東京生まれのローカルベイト「越前スピン」誕生の秘密

「越前スピン」という名を聞いて、「名前だけは知っているけど、使ったことは…」という人は、意外と多いかもしれない。そのアナタは、ハッキリ言って食わず嫌いです。

越前スピン(グゥーバー)

「越前スピン」は東京のプロショップ、グゥーバーから発売されているローカルベイト。一見すると、スカートのないスピナーベイトのようにも…。しかし、開発した荻野貴生さんによれば、「スピナーベイトとは使い方、釣り方が異なる、まったく別のワイヤーベイトです」と語る。

そして、「自分も最初は使い方が分からなかったです。でも、スピナーベイトとは違う特性を持った独自のルアーでしたね」とトーナメントでも長年愛用している沖田護さん。今回はその「越前スピン」のルアーとしての真相をこのお二人に聞いた。
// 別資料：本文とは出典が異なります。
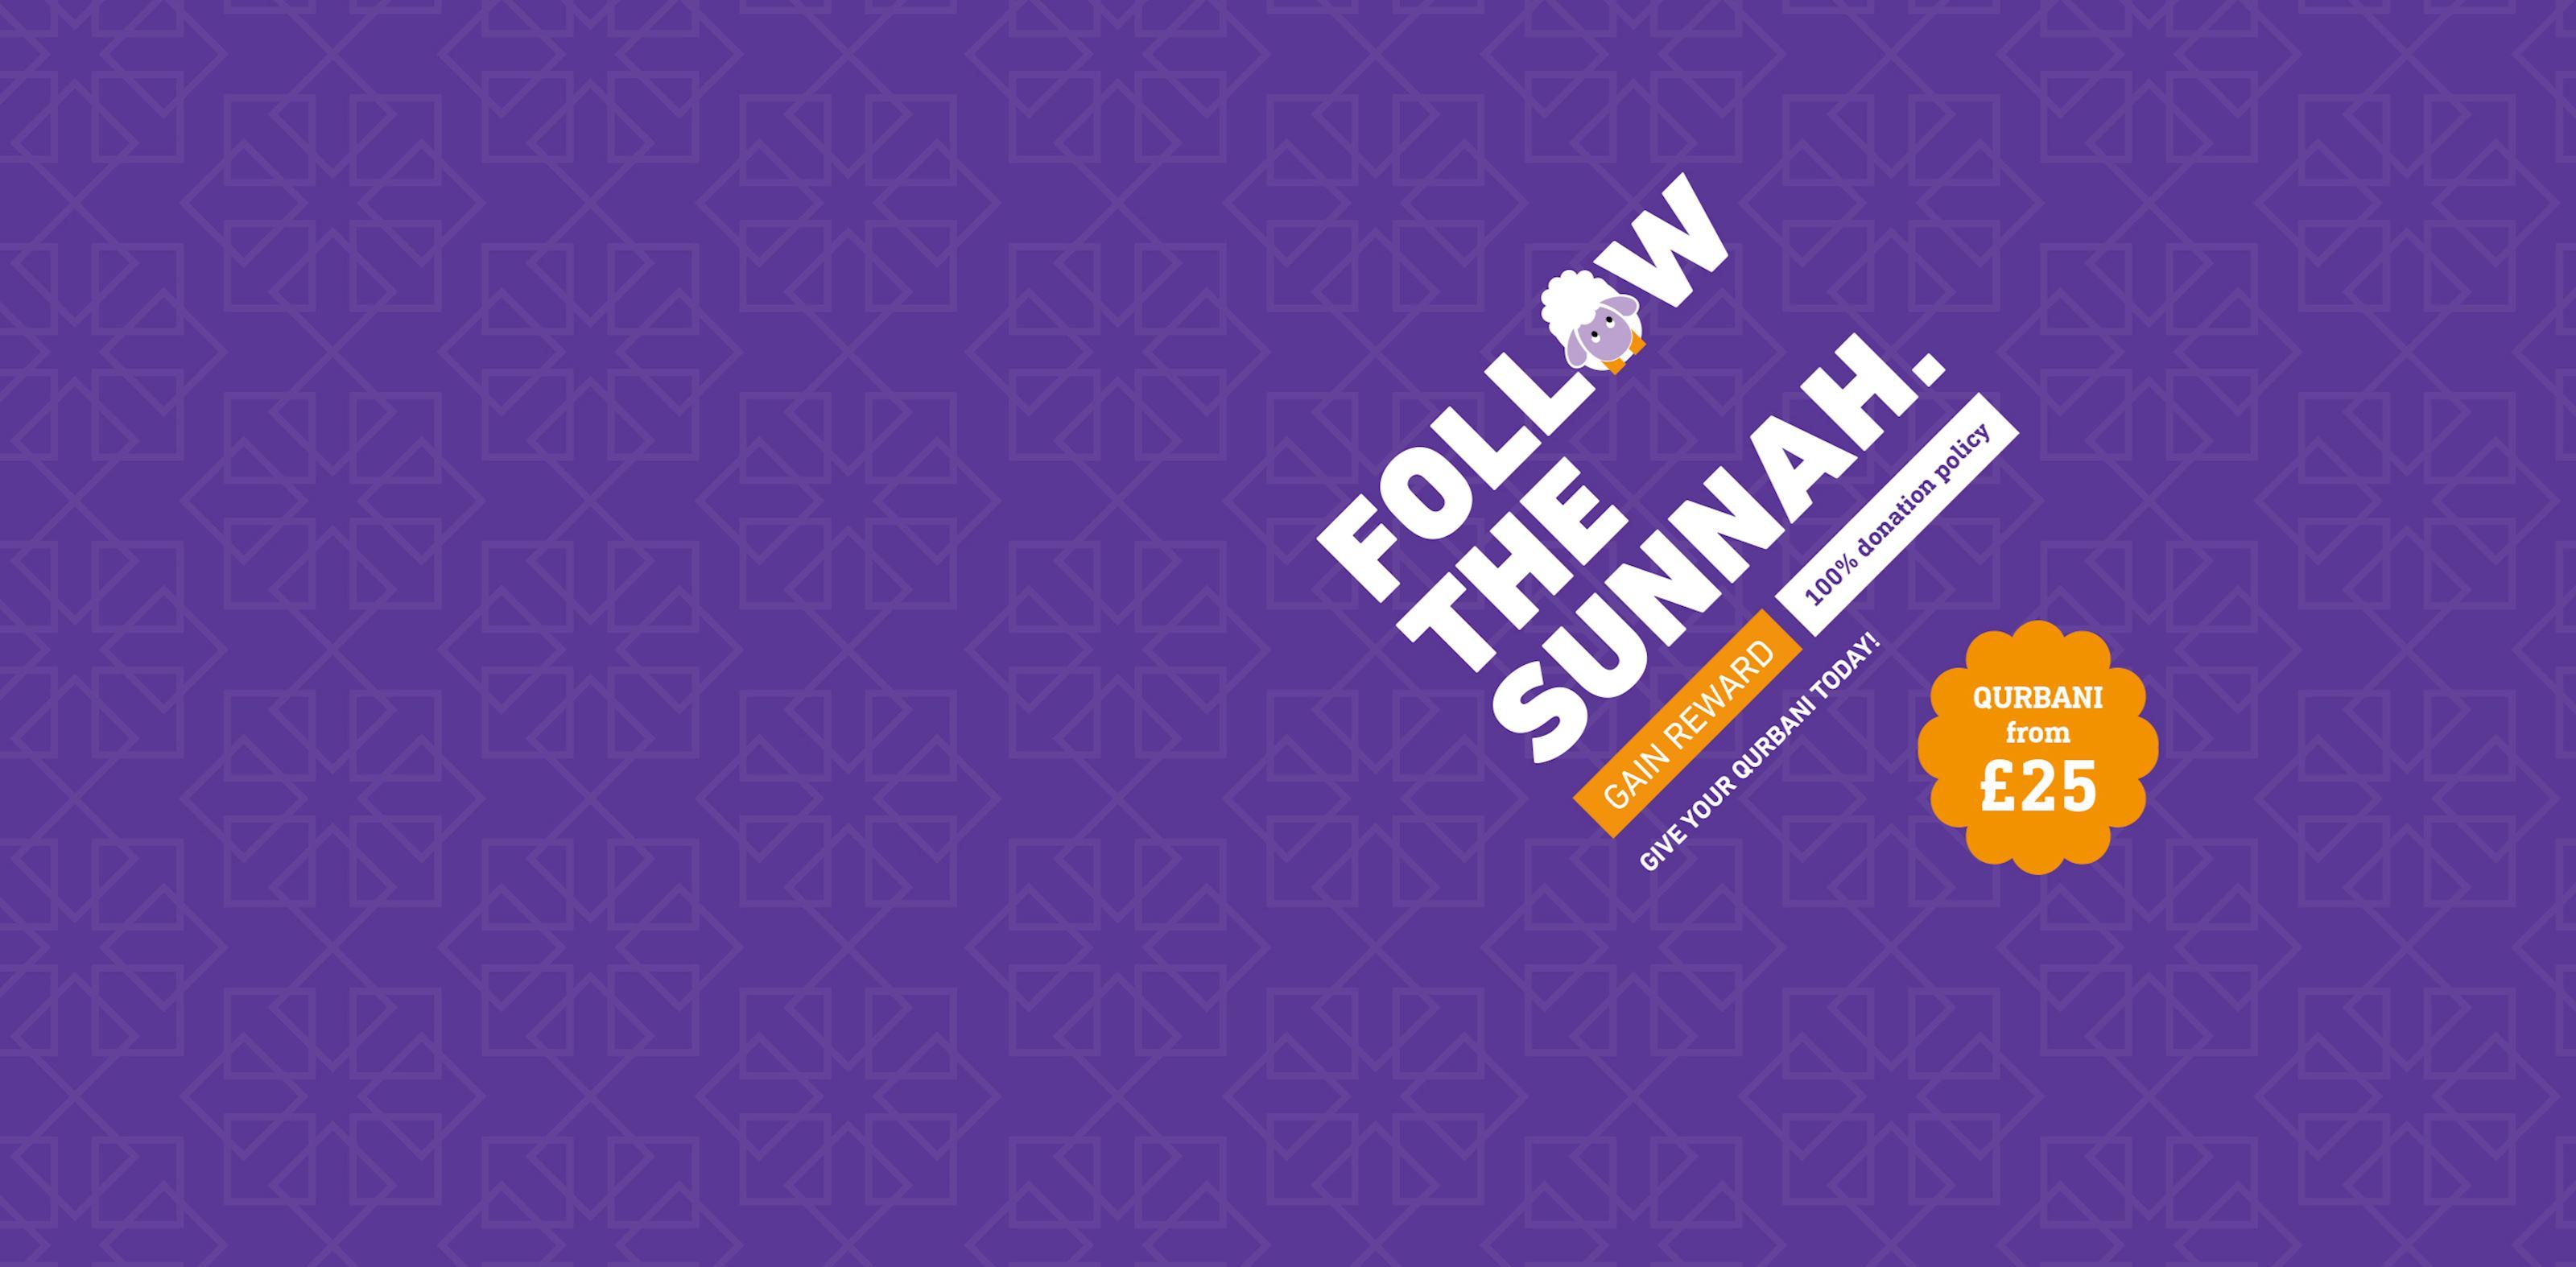 Qurbani - Follow the Sunnah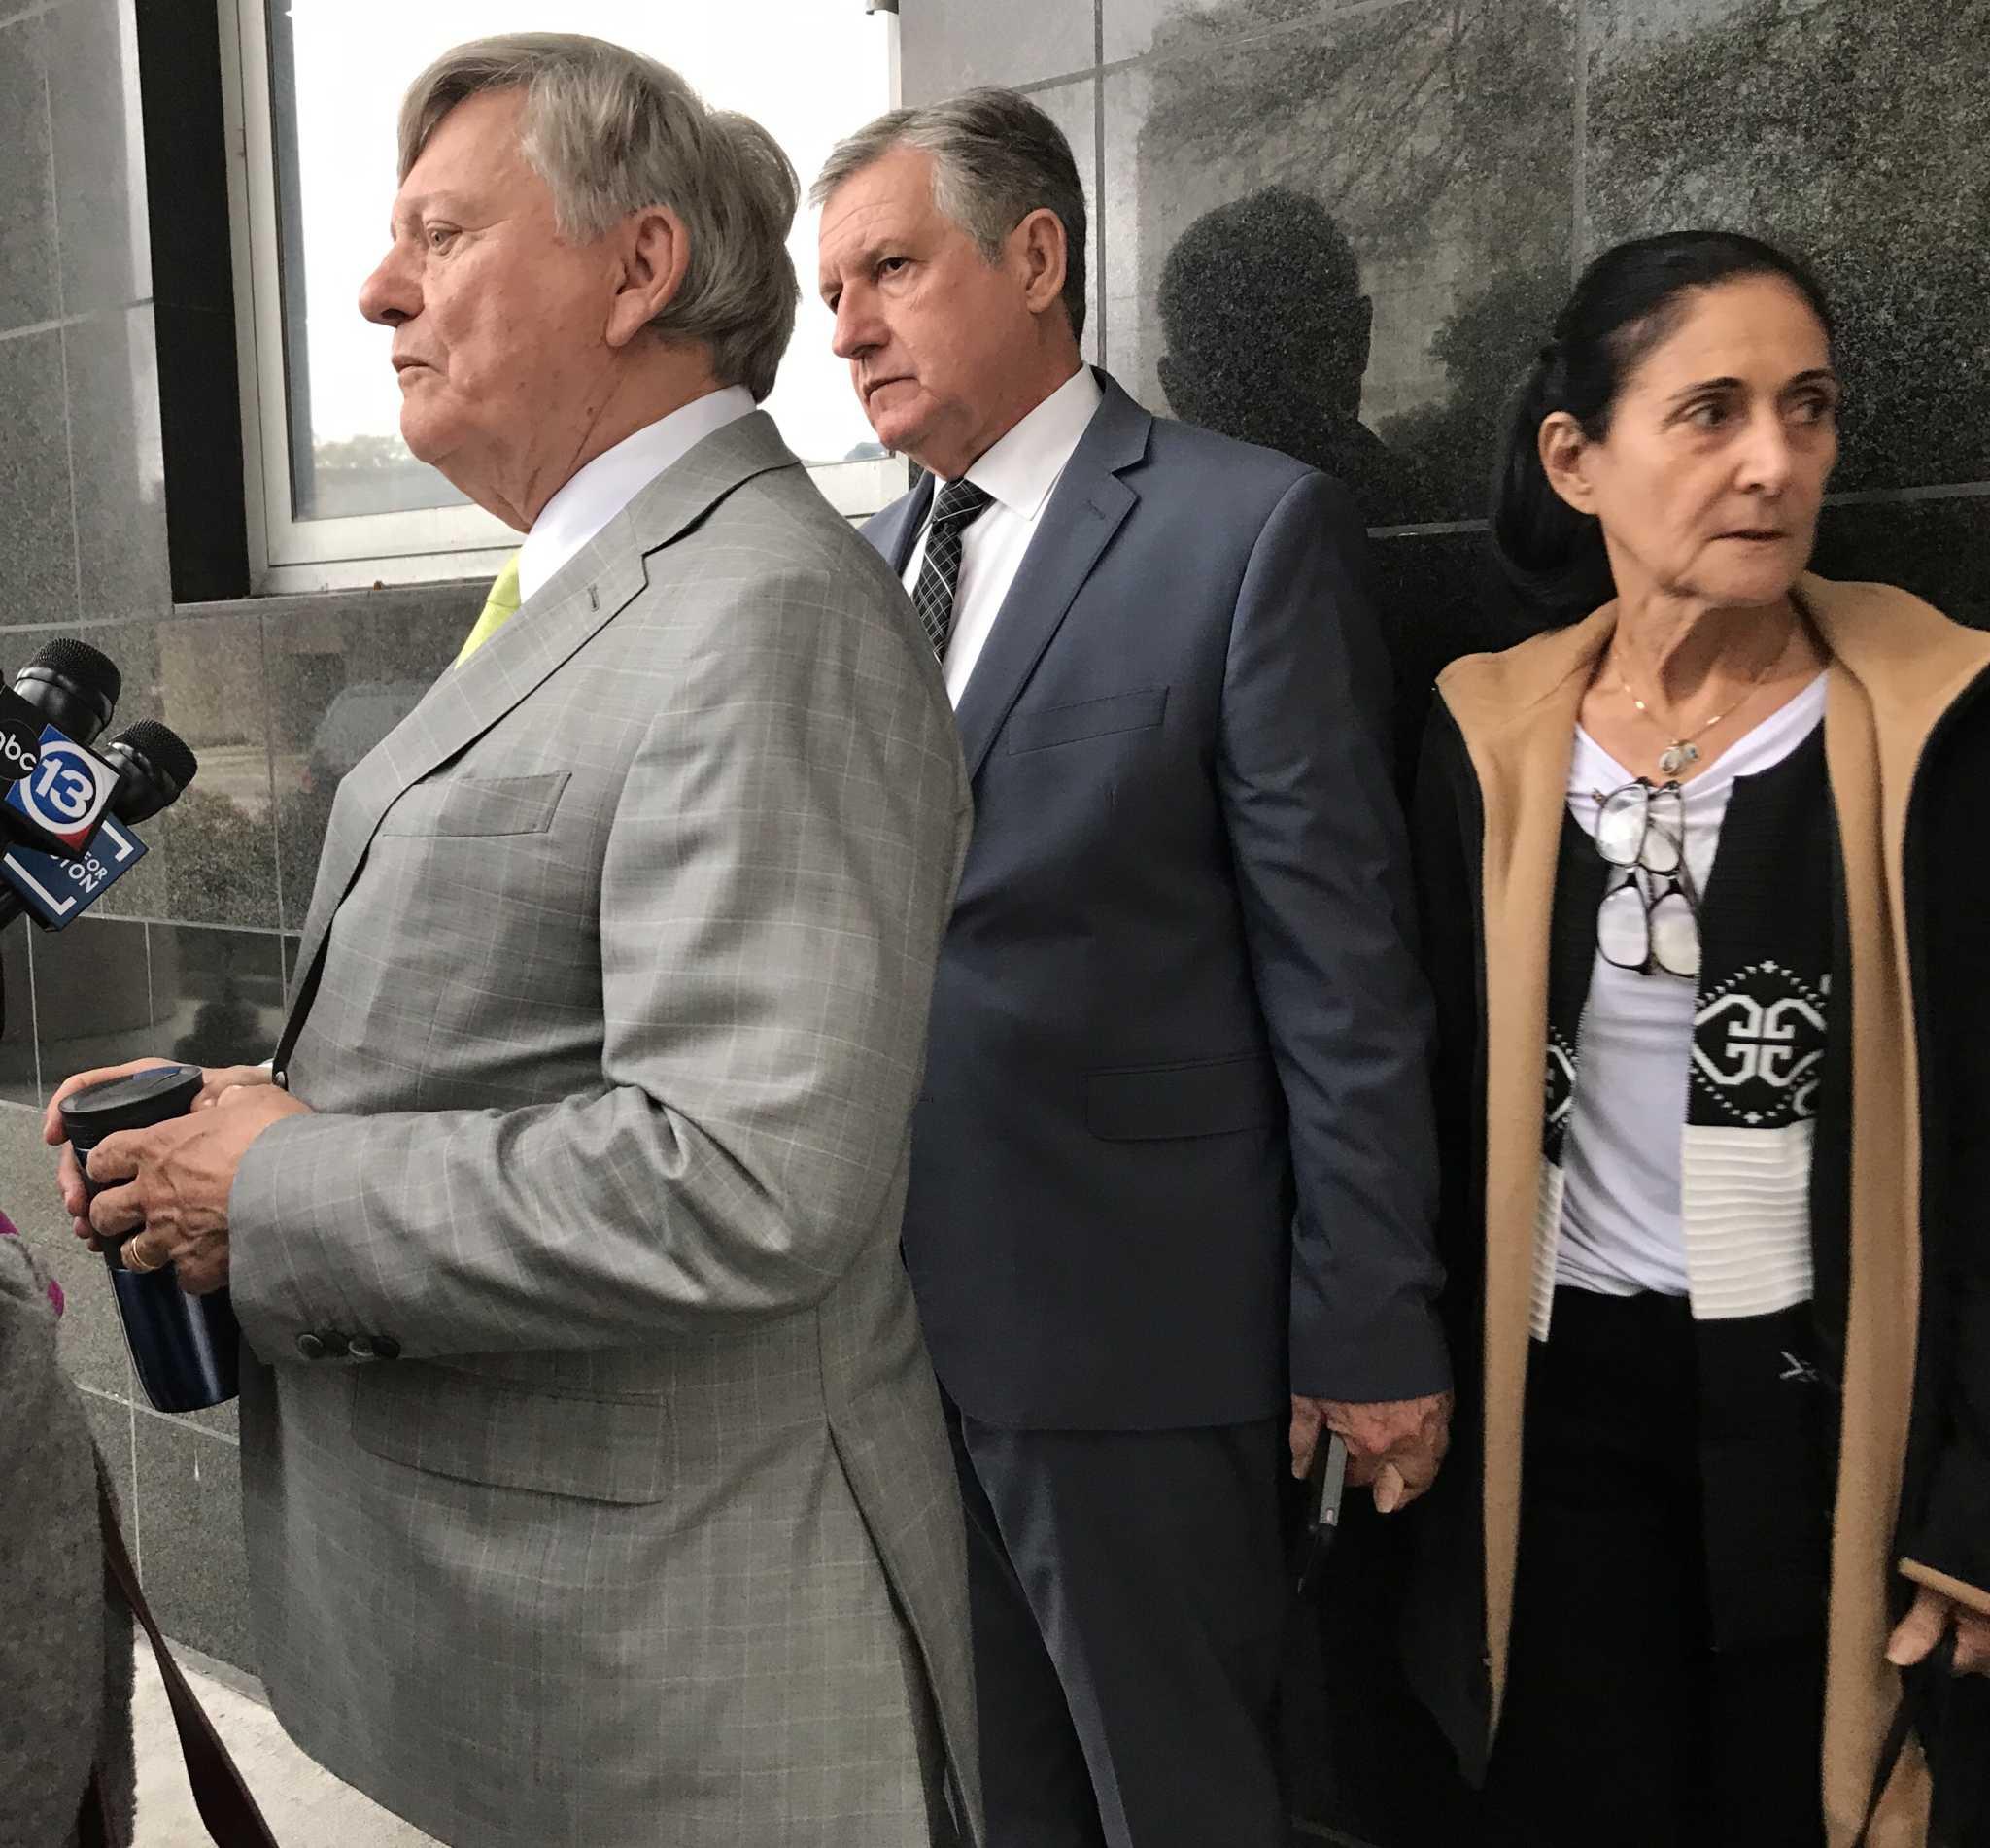 Judge orders light sentences for Brazilian grandparents in

(左)荻野貴生 おぎの・たかお 東京中央区でプロショップグゥーバーを営み、フェロモンチェリーなどのオリジナルアイテムを多く手がける。利根川をメインに、琵琶湖や東京湾奥でのシーバスガイドを行なっているマルチガイド。 (右)沖田護 おきた・まもる TBCトーナメントにおいて優勝経験を多数持つ、利根川の達人アングラー。ワーミングから水面の釣り、ワイヤーベイトなど多彩なルアーを使いこなす超実戦派アングラーだ。荻野さんとは旧知の仲で、越前スピンやチェリーリグを愛用している。

越前スピンとスピナーベイトとはココが違う!

釣りPLUS編集部「越前スピンとスピナーベイトは、どのような違いがあるのでしょうか?」

荻野貴生さん(以下 荻野)「一番違うのは、巻いた時に浮き上がろうとするチカラ、揚力です。スピナーベイトはスカートがあるため、水をまといやすい。つまり、巻いてブレードが回ると浮き上がろうとする。でも越前スピンはスカートがないので、浮き上がろうとするチカラが弱いんです。つまり、浮き上がらせずにブレードを回せます。なので、レンジを下げつつ巻くことも、スピナーベイトよりやりやすいですね。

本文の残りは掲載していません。